Estimating Costs Associated with Disease Model States Using Generalized Linear Models: A Tutorial

To inform decision analytic disease models with the cost evidence, our research question is what are the costs associated with disease states over discrete time periods corresponding to the cycle length of a decision model. The costs can be any type of costs such as total healthcare costs (for example, primary and/or hospital care costs), patient out-of-pocket costs or social care costs. The disease states are key states related to the disease and/or intervention, which are included in the decision analytic model to assess the cost effectiveness of the intervention. For example, disease states may be disease stages or events, such as cancer progression stages or whether experiencing a myocardial infarction (MI). The scope of costs, disease states of interest and cycle length should be consistent with the choices made while conceptualizing the economic evaluation and decision model. In addition, key patient characteristics may also be important factors in the economic evaluation and thus in developing the estimation of costs of disease states using participant-level data, since they may modify health effects, costs and possibly the cost effectiveness of the intervention.

To answer the research question, we will ideally use a longitudinal dataset from a cohort of participants reporting their healthcare and other resource use and costs and disease status over time. This longitudinal data will be used to form estimation data, which have multiple records per participant with each record including the costs accumulated over the periods of interest and the disease state status in the respective periods. All the records from all the participants will be pooled to develop the cost prediction model using participants’ profiles and time-updated disease state status. The developed cost model will allow the prediction of individual patient costs, taking into account participant characteristics, model states and the interactions between them.

2.1 Step 1. Preparing the Dataset for Estimating Costs of Disease States2.1.1 Raw Dataset Generation

The first step is to prepare the dataset to support the cost estimation analysis. This dataset should include records for each participant for discrete time periods over which costs are estimated, with each record including the outcome cost variable and a number of covariates representing the participant’s characteristics. For example, if data is available for the hospital care costs of an individual over 10 years but we are interested in estimating annual hospital care costs, we would allocate costs into respective annual periods in chronological order and generate 10 records or rows with annual costs for this individual. Each row represents a unique record contributing to the analysis. The column of costs over the discrete periods (e.g. annual hospital care cost) represents the outcome.

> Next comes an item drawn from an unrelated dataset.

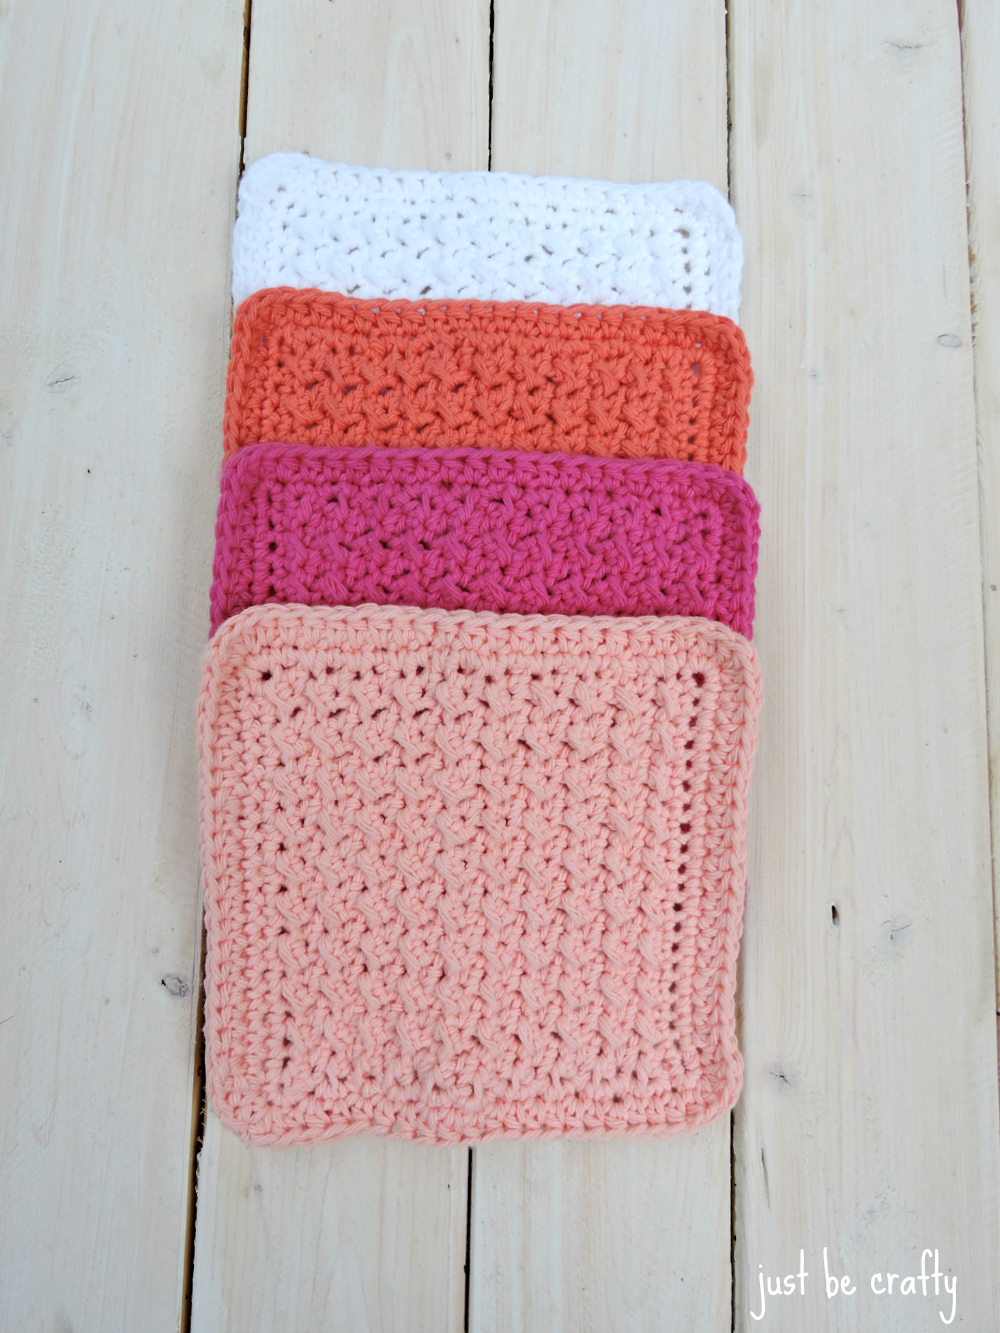 Crochet Cabin Dishcloth Pattern
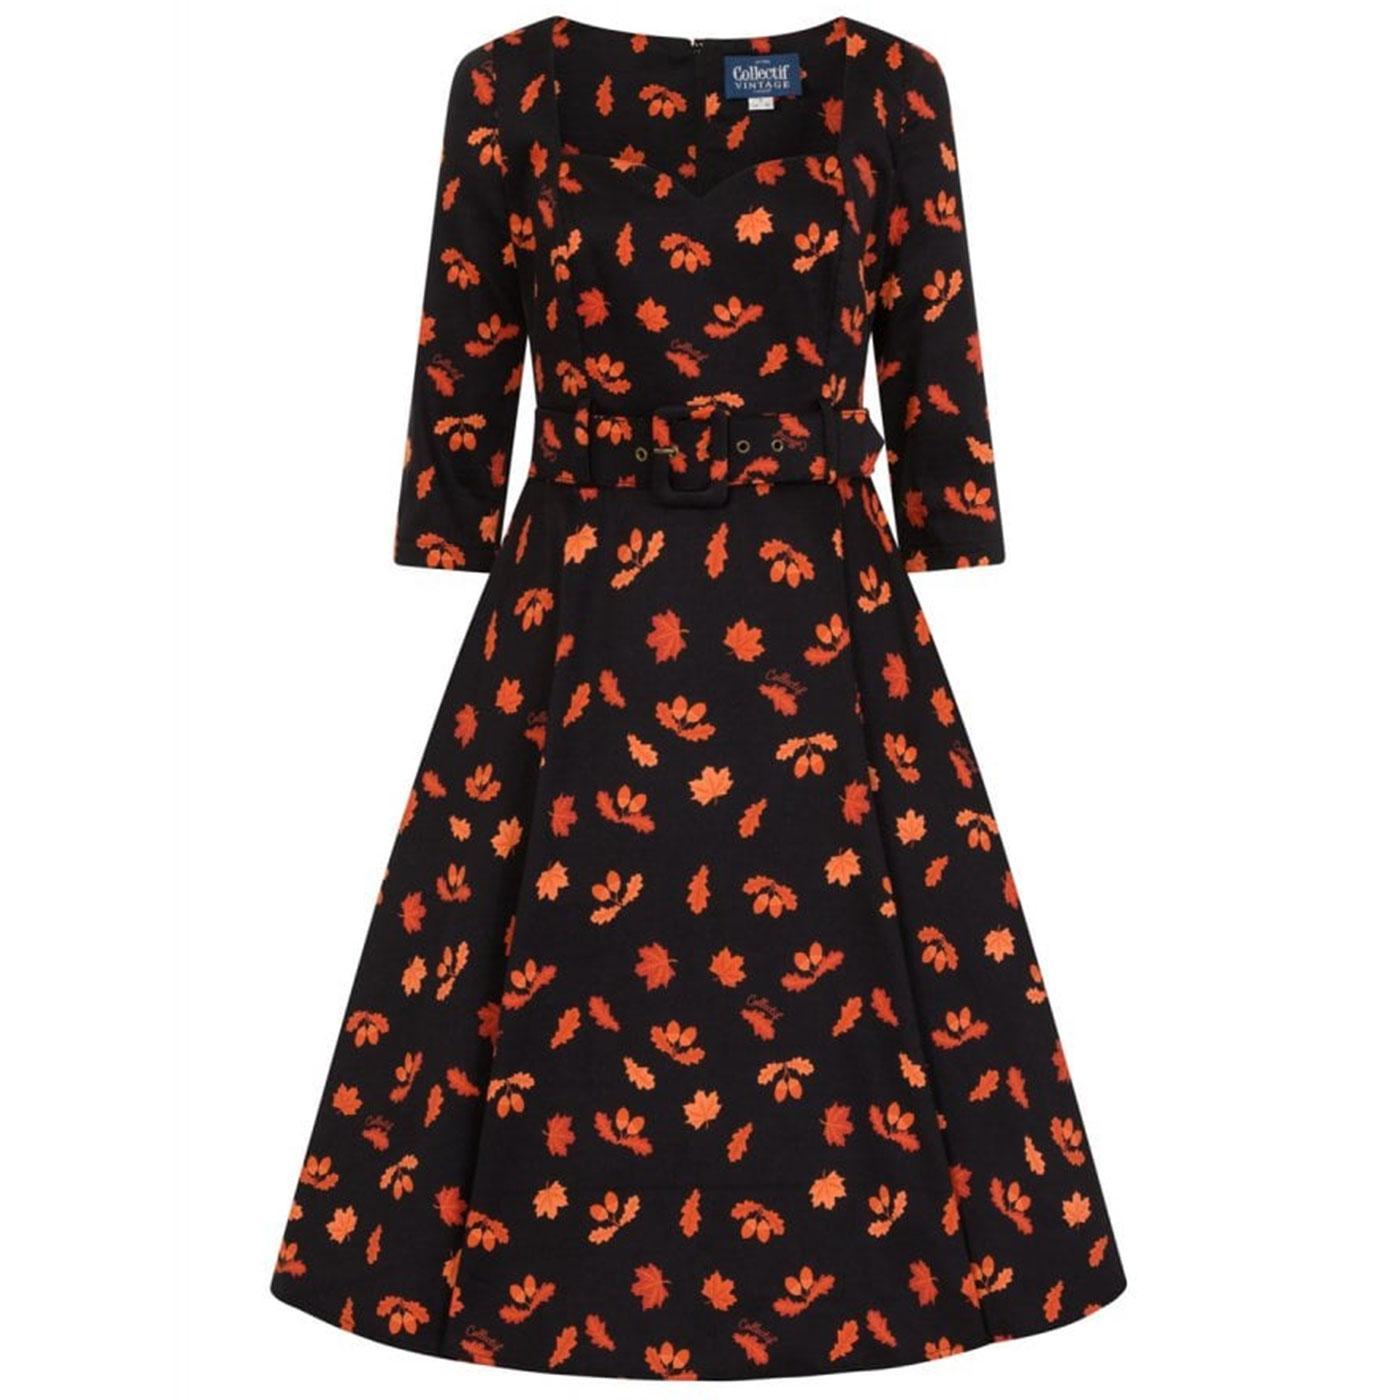 Eliana COLLECTIF Retro 50s Acorn Print Swing Dress

Two types of individual characteristics are further needed to estimate costs of disease states: the disease states’ indicators and the other individual characteristics associated with the costs. The disease states’ indicators are specific to the individual and each discrete period of time but can change across time periods with an individual’s disease trajectory. For example, an individual remains in the ‘without MI’ state until they experience an MI, and move into an annual period ‘had MI in same year’, followed by ‘had MI 1 year ago’ etcetera, corresponding to timing of the MI with respect to the current time period. In this example, ‘without MI’, ‘had MI in same year’ and ‘had MI 1 year ago’ represent different states and, therefore, distinct columns in the dataset to support estimation of costs. Distinct disease states could be specified by more than one disease state descriptor (e.g. ‘without MI or stroke’ requires both ‘without MI’ and ‘without stroke’ descriptors to be met) (Fig. 1). The choice of disease state descriptors is pre-specified but could be adjusted (e.g. number of temporal categories) alongside covariate selection in the model selection step (see step 3). The other individual characteristics of interest include, for example, individual’s age, sex, and other socio-demographic and clinical risk factors that determine the extent of healthcare costs. Ideally, characteristics which are plausible predictors of healthcare costs given the data availability should be prospectively identified prior to cost modelling from previous evidence. Most of these characteristics are likely to be specific to individuals and fixed at entry into the model but some, such as age, may be updated over the time periods in the dataset.

Fig. 1figure 1

Schematic of dataset for modelling healthcare costs associated with disease states

2.1.2 Handling Censored and Missing Data

Typically, individual patient data is subject to administrative censoring (e.g. end of data collection due to end of follow-up in the study). In our context, death is an event of interest and not a censoring event; all costs in year of death are observed. In effect, ‘death in year’ is usually a covariate in the cost model as we want to assess its impact on costs. Simple approaches to handling censored cost data are to (1) add a covariate indicating the proportion of period unobserved; or (2) exclude all observations with partially observed data due to censoring (if sample size is generous).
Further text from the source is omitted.